Top of EXERCISE DATA

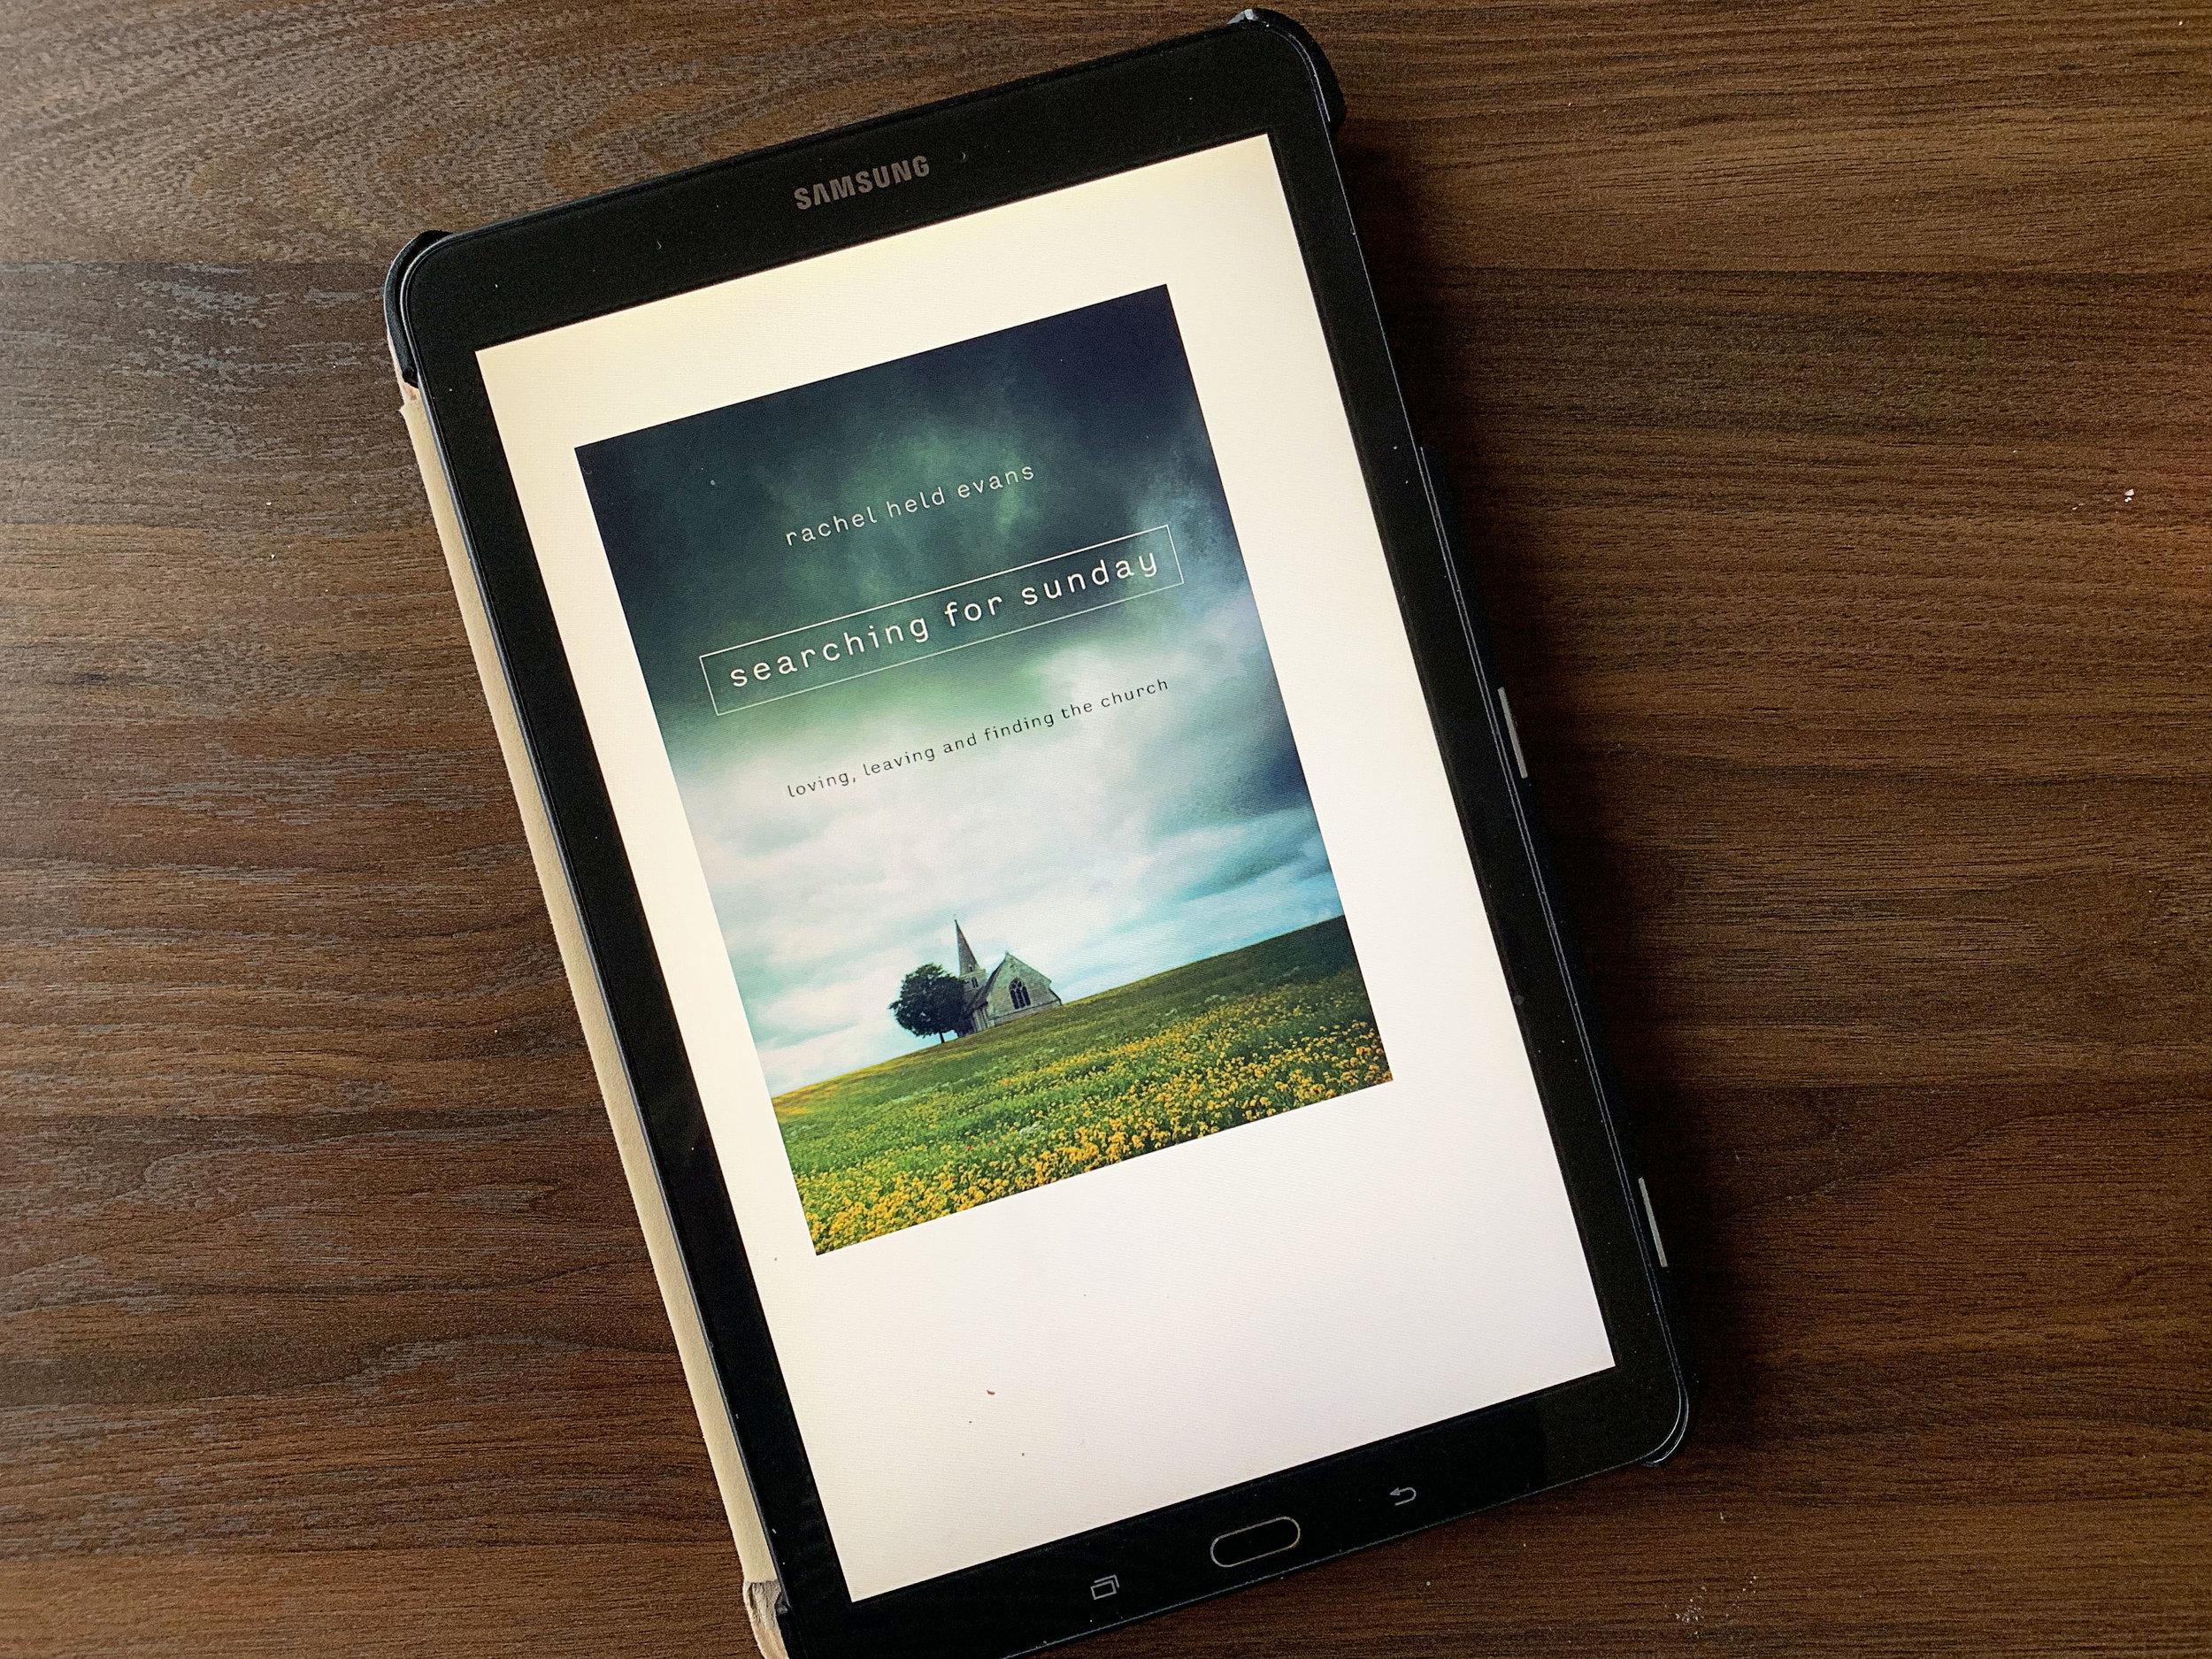 2019 05 09 Book 01.jpg
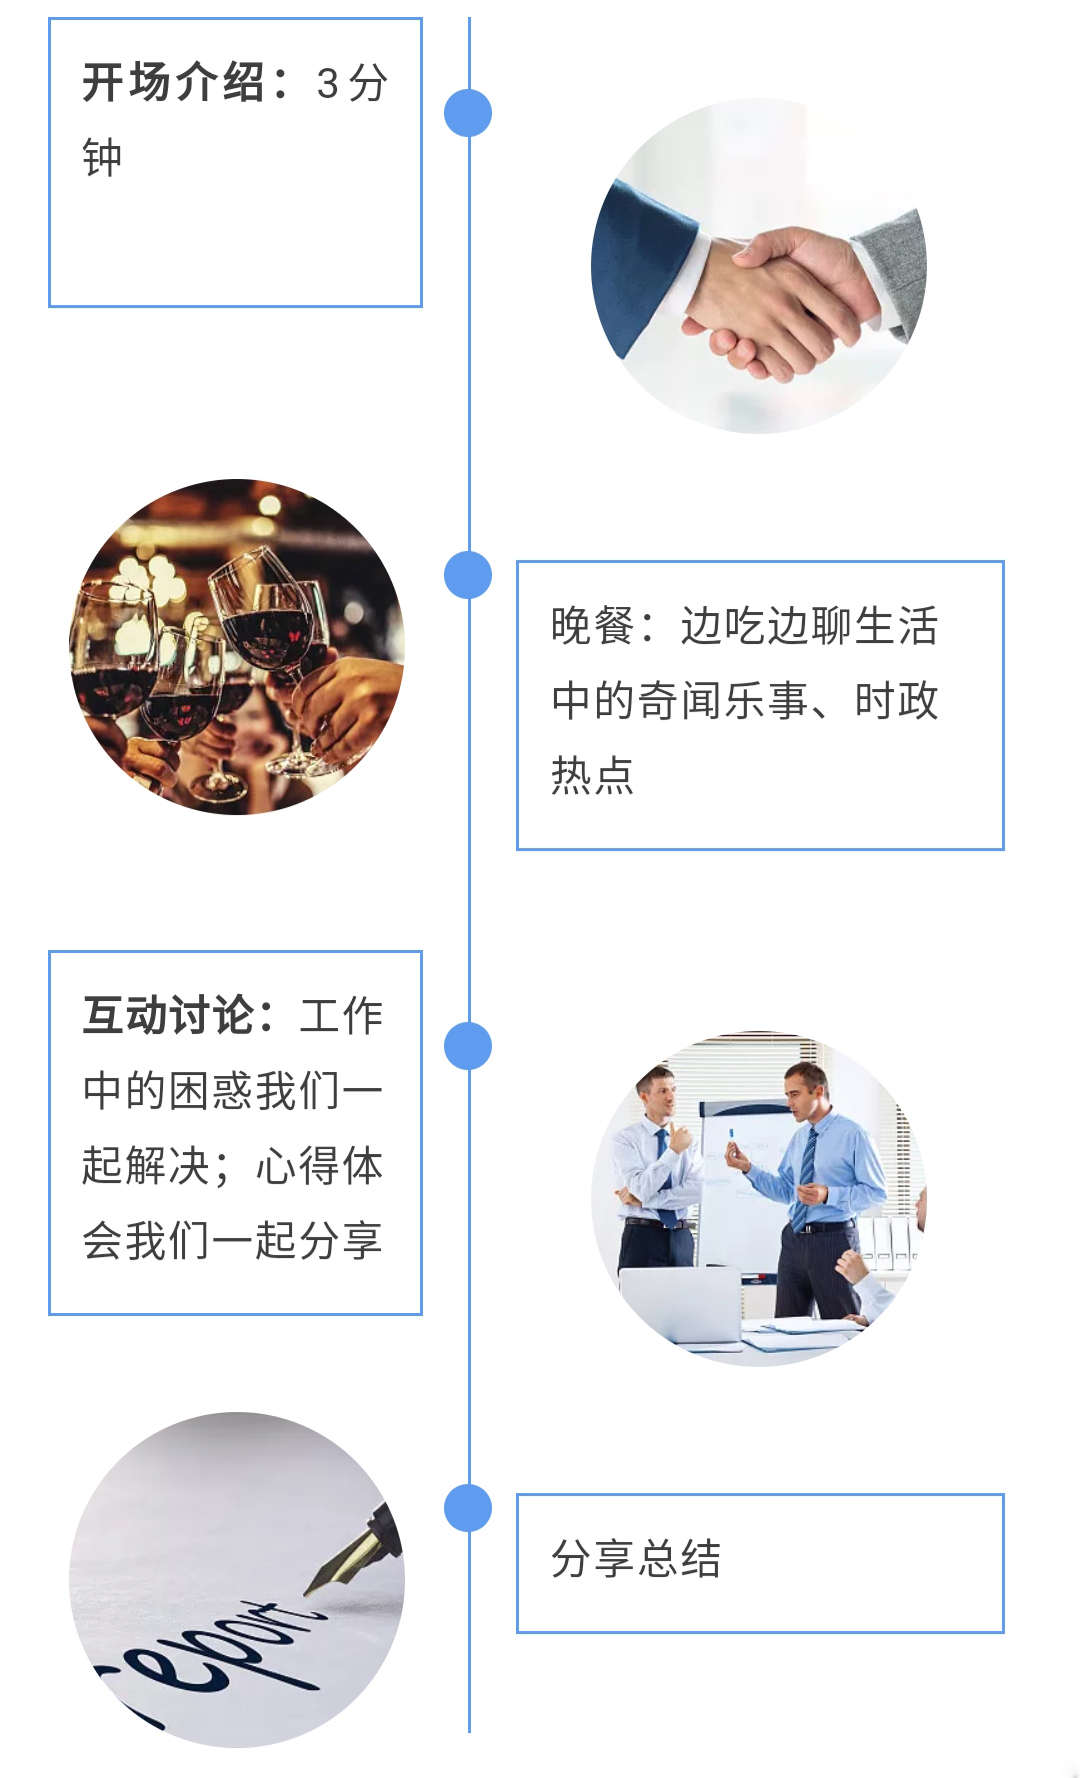 老彭饭局流程图.jpg
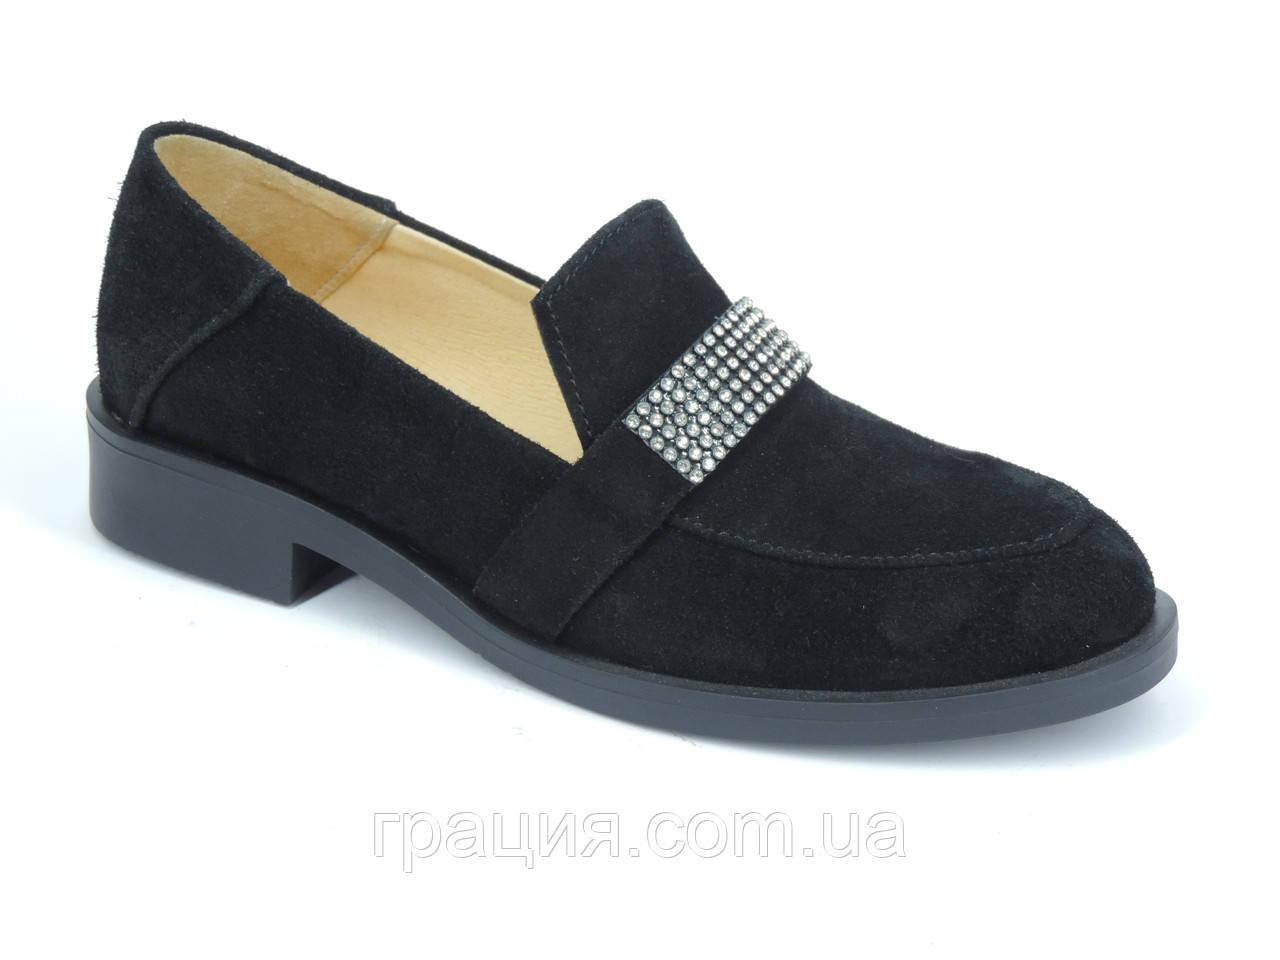 Стильні жіночі замшеві туфлі лофери

Bottom of EXERCISE DATA

WORK INSTRUCTIONS
Beginning with the line that contains "老彭饭局流程图.jpg" and ending with the last line of the data, restate each line word for word. Exclude the pictures.

PROBLEM SOLUTION
 老彭饭局流程图.jpg
 Стильні жіночі замшеві туфлі лофери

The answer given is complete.